TASK DIRECTIONS
Your copy should hold only the lines from the one with "Interior shot of" to the one with "Side zip and snap button fastening", both included, each exactly as it stands below, with no pictures.

START RECORD SET

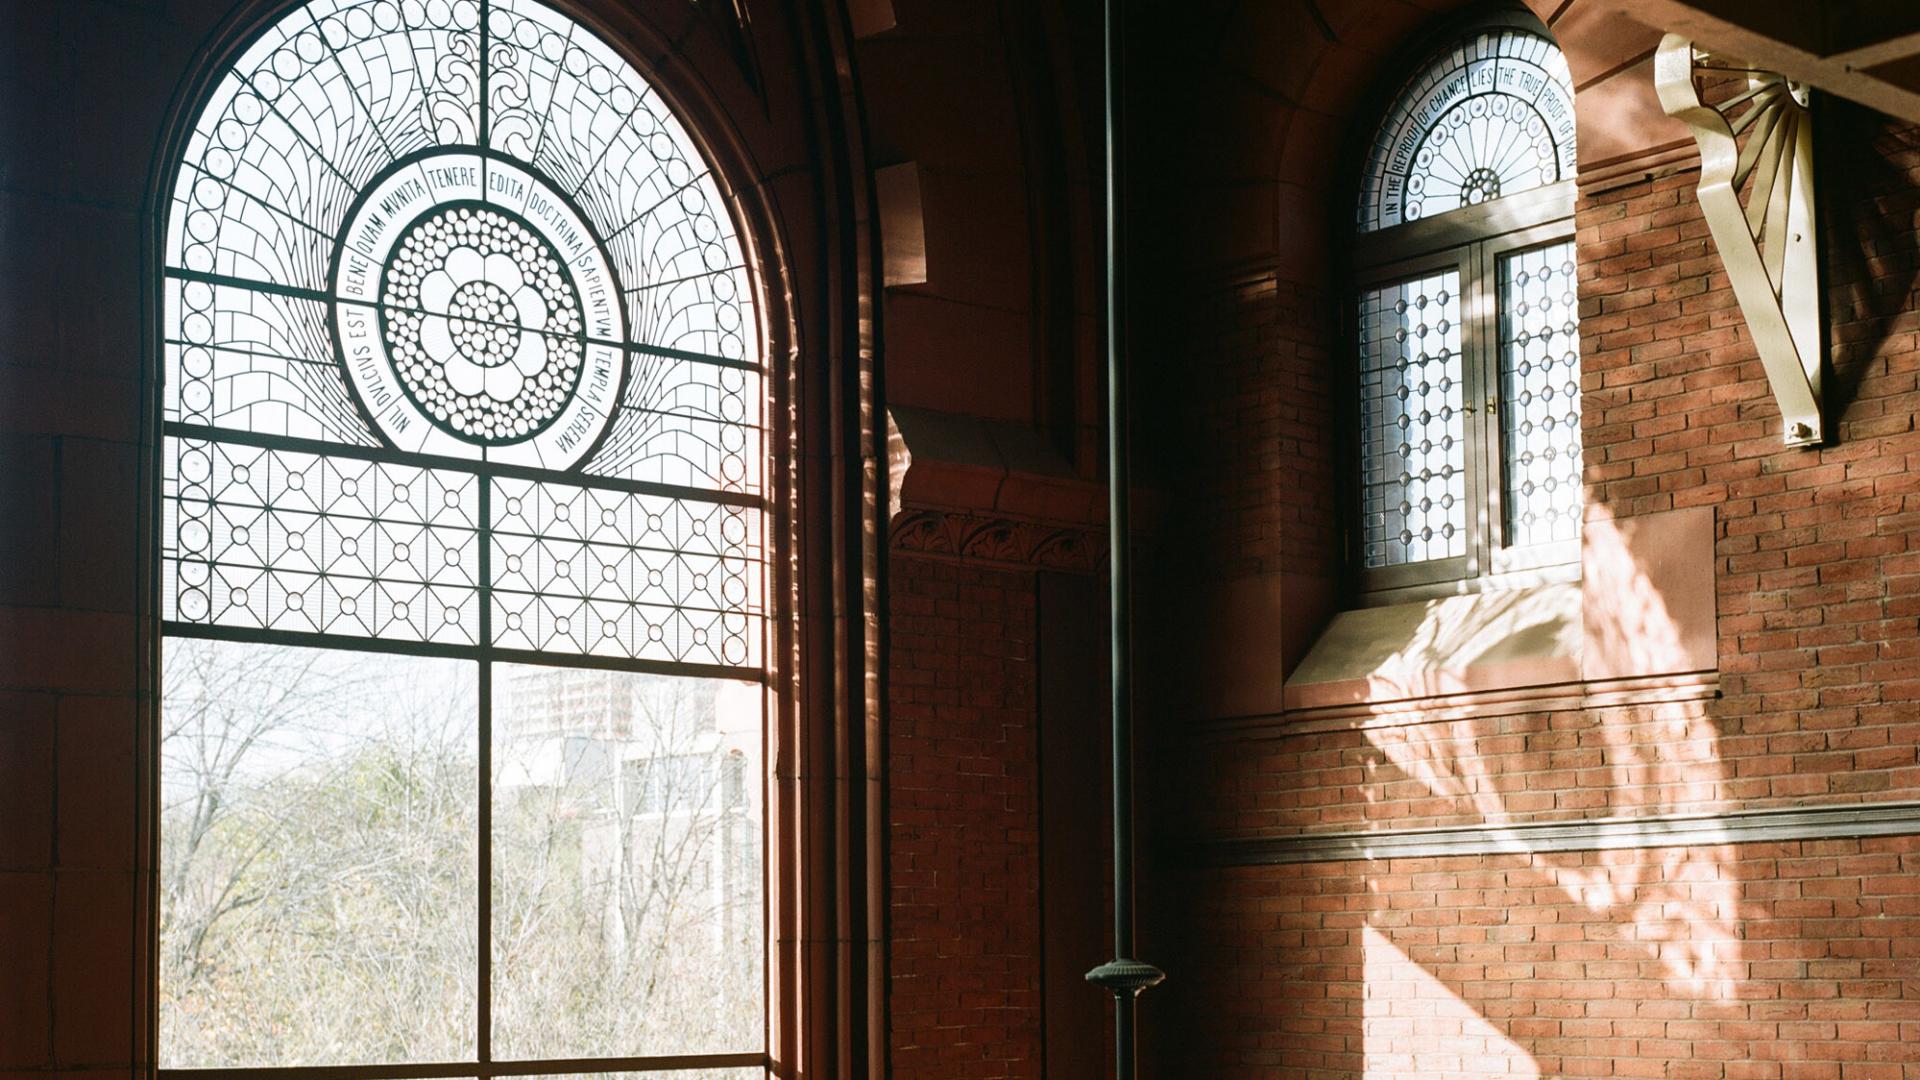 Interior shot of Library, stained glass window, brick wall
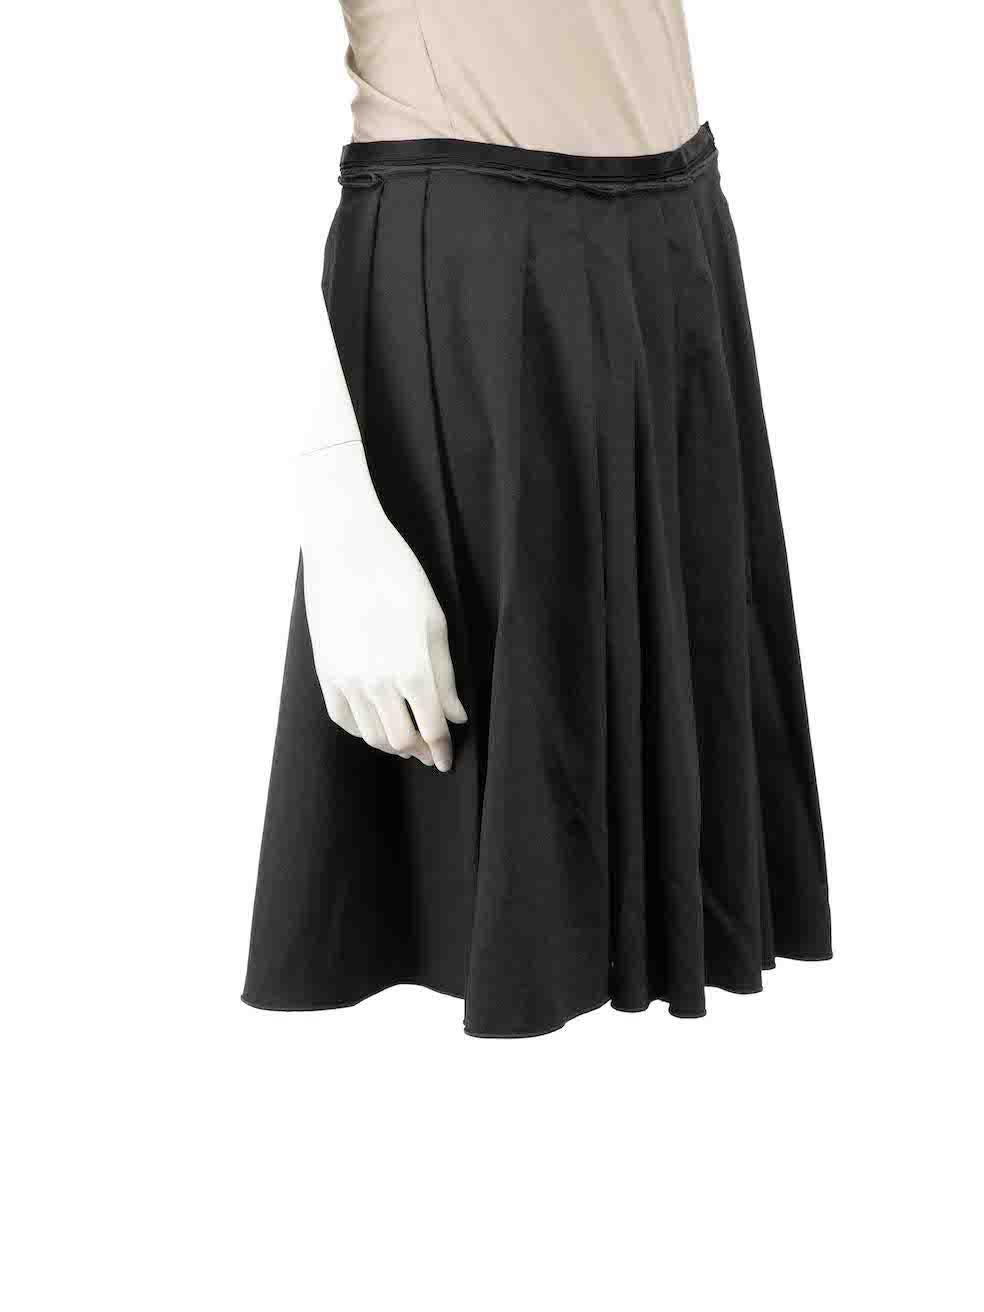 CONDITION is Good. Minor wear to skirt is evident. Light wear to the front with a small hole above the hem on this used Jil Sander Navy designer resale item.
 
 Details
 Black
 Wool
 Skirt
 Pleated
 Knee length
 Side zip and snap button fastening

END RECORD SET
START RECORD SET

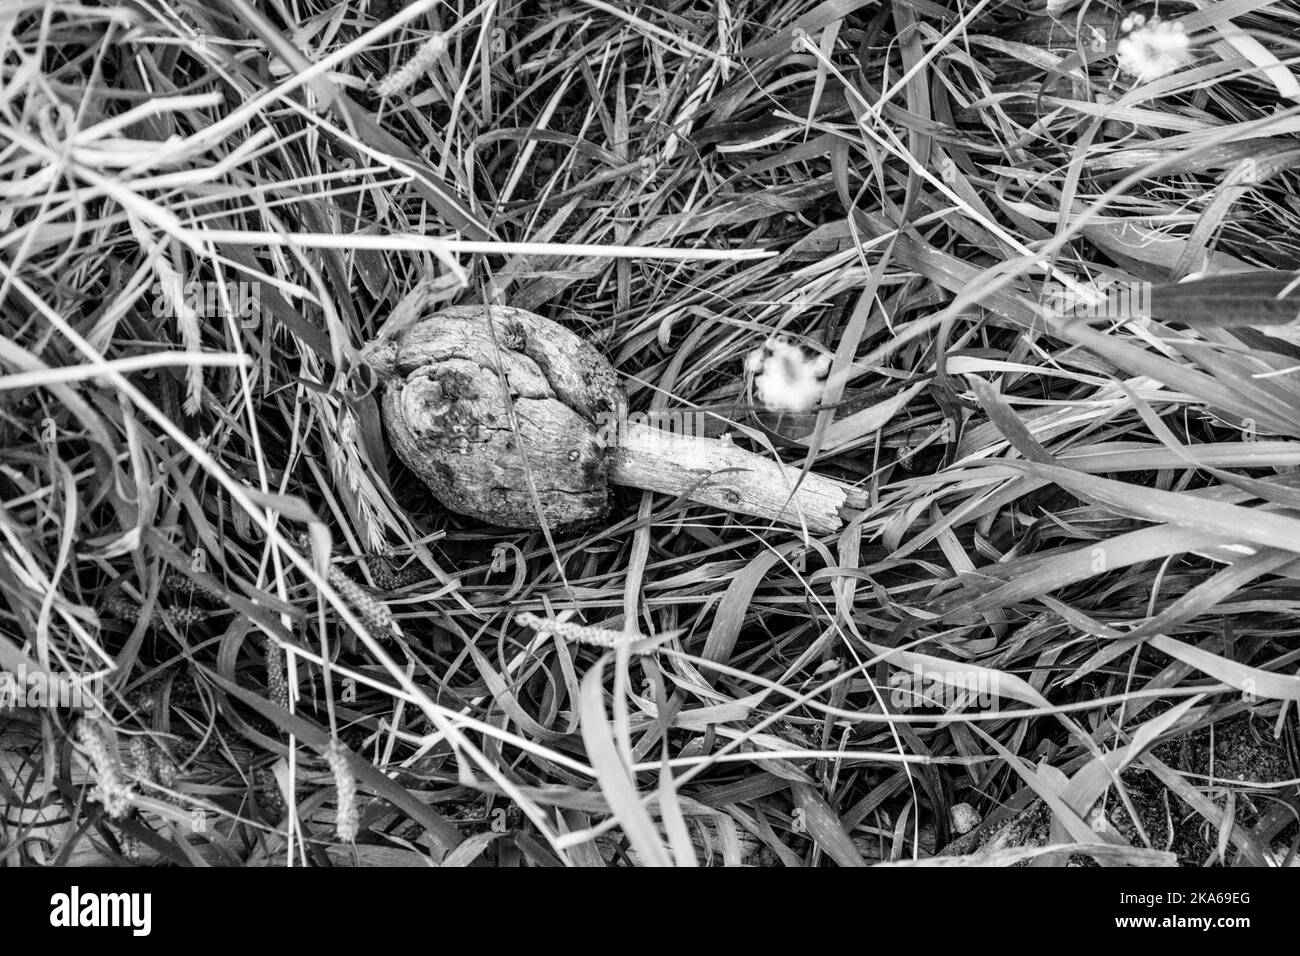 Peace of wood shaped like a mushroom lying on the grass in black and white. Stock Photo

END RECORD SET
START RECORD SET

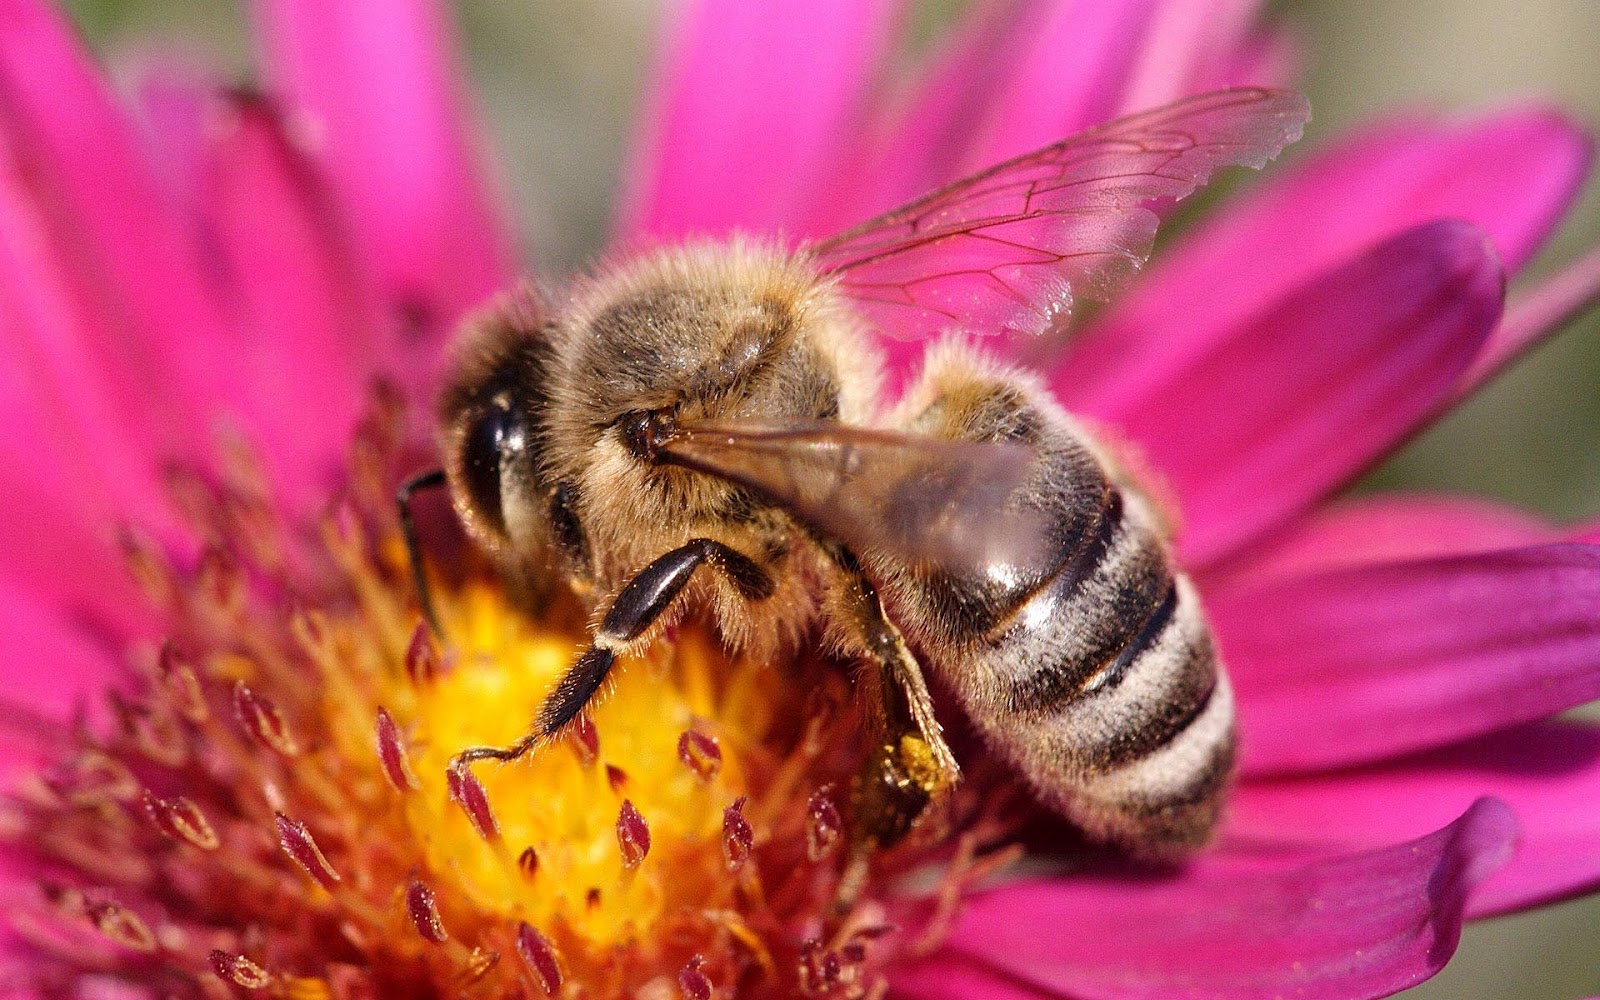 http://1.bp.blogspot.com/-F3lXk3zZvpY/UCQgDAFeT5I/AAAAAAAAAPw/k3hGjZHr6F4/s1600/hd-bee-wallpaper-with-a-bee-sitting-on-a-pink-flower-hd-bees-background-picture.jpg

END RECORD SET

EXERCISE RESULT
 Interior shot of Library, stained glass window, brick wall
 CONDITION is Good. Minor wear to skirt is evident. Light wear to the front with a small hole above the hem on this used Jil Sander Navy designer resale item.
 
 Details
 Black
 Wool
 Skirt
 Pleated
 Knee length
 Side zip and snap button fastening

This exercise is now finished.